Лакош убрал удостоверение и возмущенно взглянул на Херберта:
– Конечно, добровольно! Ты себе, видно, и представить не можешь, что кому-то есть дело до жизни простых рабочих?
– Кто б жаловался! Ты на своих разъездах заработал достаточно!
– А я и не про себя говорю. Но ты только погляди на силезских шахтеров! Мой отец горняком был, и знаешь ли… Им не до смеха!
– Ага, а с тридцать третьего у него, значит, жизнь наладилась?

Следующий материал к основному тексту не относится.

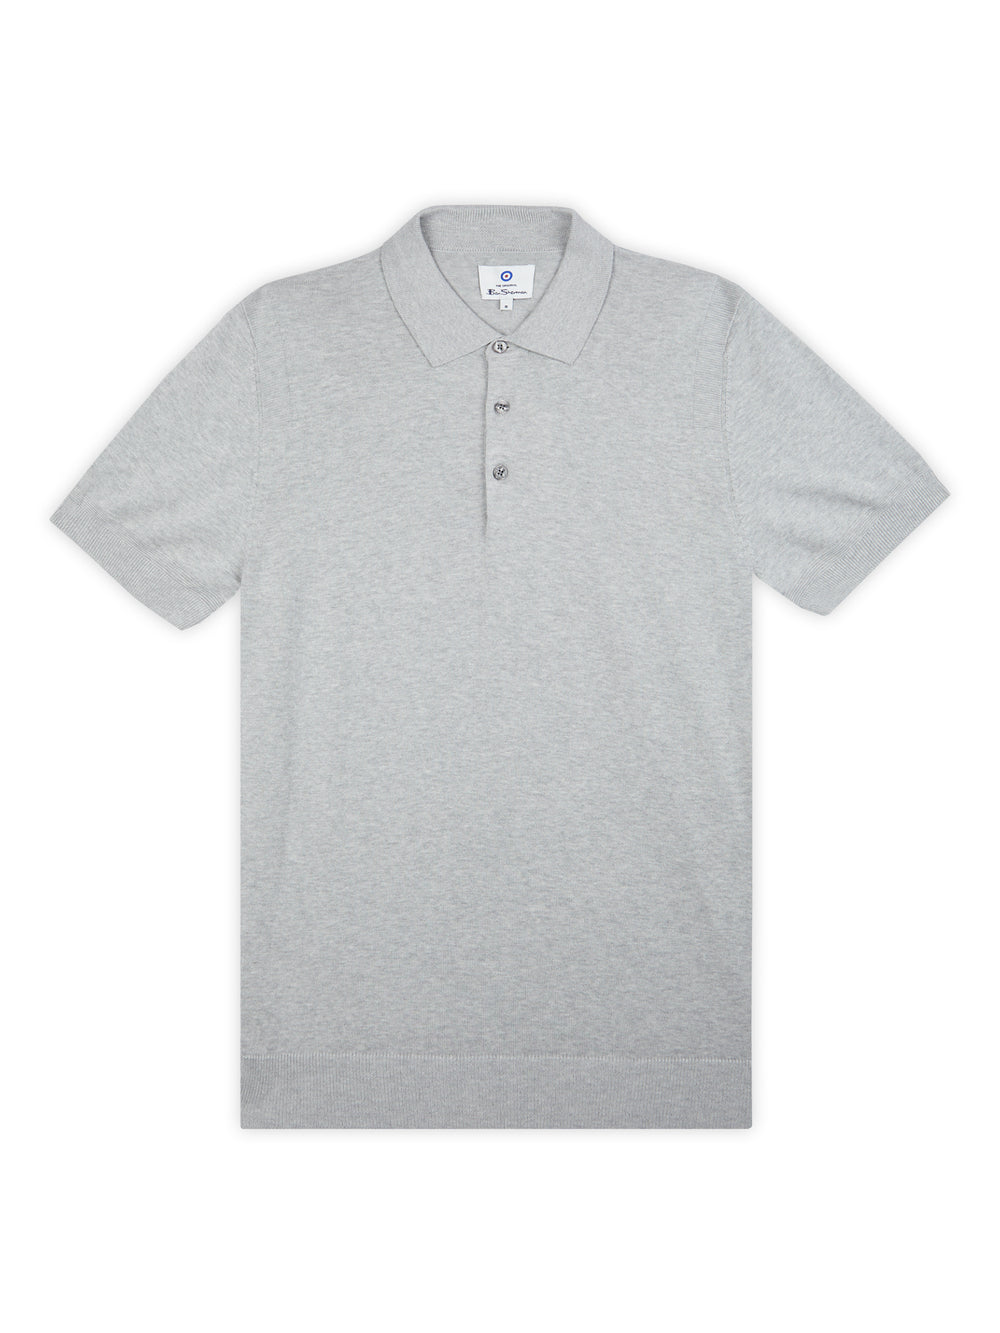 Signature Cotton Short-Sleeve Knit Polo - Grey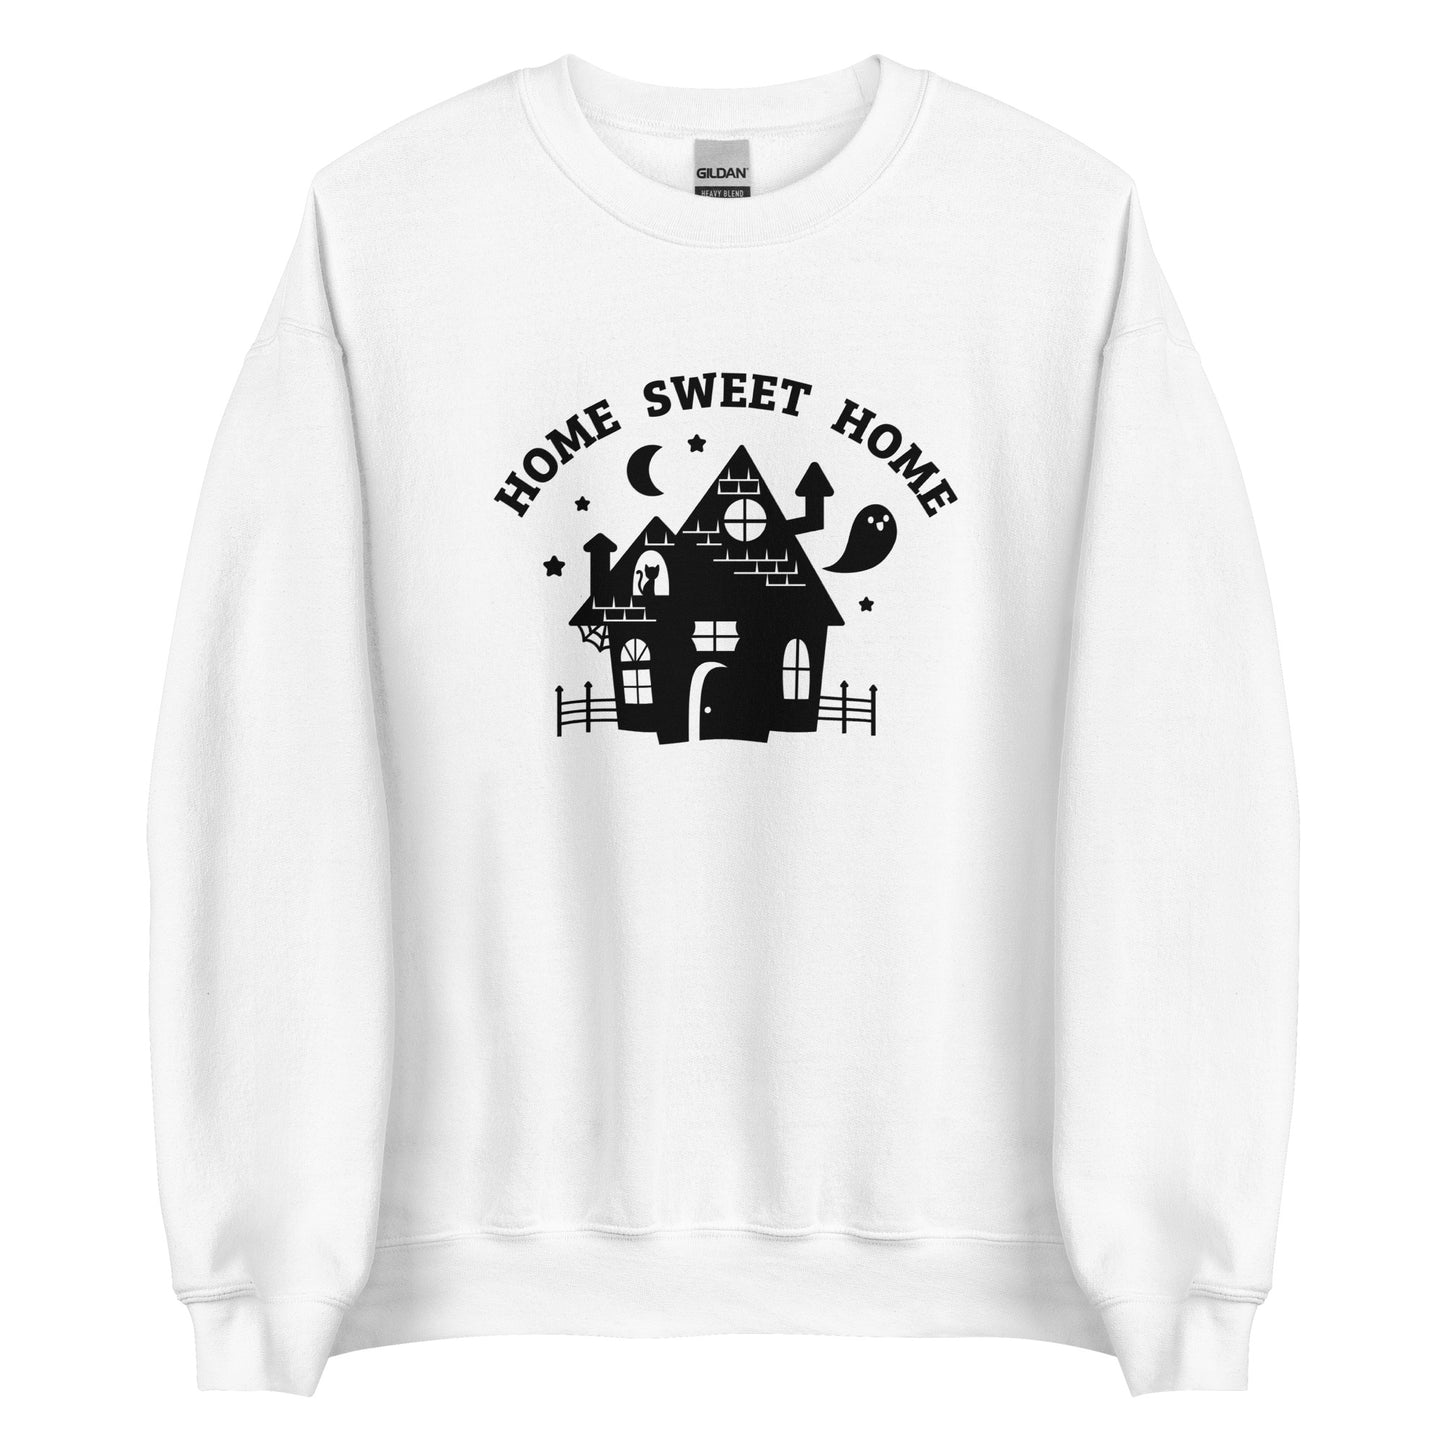 "Home Sweet Home" Haunted House Sweatshirt

– Нет, – растерялся Лакош. – Не наладилась… Умер он давно… Но у других-то! – вновь оживился он. – У других много чего изменилось, могу я тебе сказать! А если б они не навязали нам эту войну, так мы бы в Германии уже и социализм построили!
– Если бы да кабы, – издевательски произнес Херберт. – Если б ты не прихватил консервов, нам бы сейчас жрать нечего было! На, бери кусок, социалист хренов!
Он пододвинул коротышке крышку, от которой исходил запах горелого жира. Достав из кармана алюминиевую ложку и кусок сухаря, Лакош принялся за еду.
– Вот как все с этой войной на деле обстоит, – продолжил он, двигая челюстями. – Почему ее те развязали? Потому что им завидно было, что у нас социализм, вот почему! И только поэтому! Но запомни: стоит нам только победить, вот времена наступят! Адольф все банки и тресты поразгонит, да и вообще всех капиталистов вместе взятых. Все социализирует!
– Все социализирует? – испуганно переспросил Гайбель. – И лавки наши тоже?
– Да сдались ему твои лавчонки, телячья твоя башка! – с презрением в голосе отозвался Лакош. – Тут тебе не коммунизм!
– Так и крупные предприятия не сдались тоже, – возразил Херберт. – Ты что же, считаешь, что Гитлер им позволит на войне нажиться, только чтоб потом все у них отобрать?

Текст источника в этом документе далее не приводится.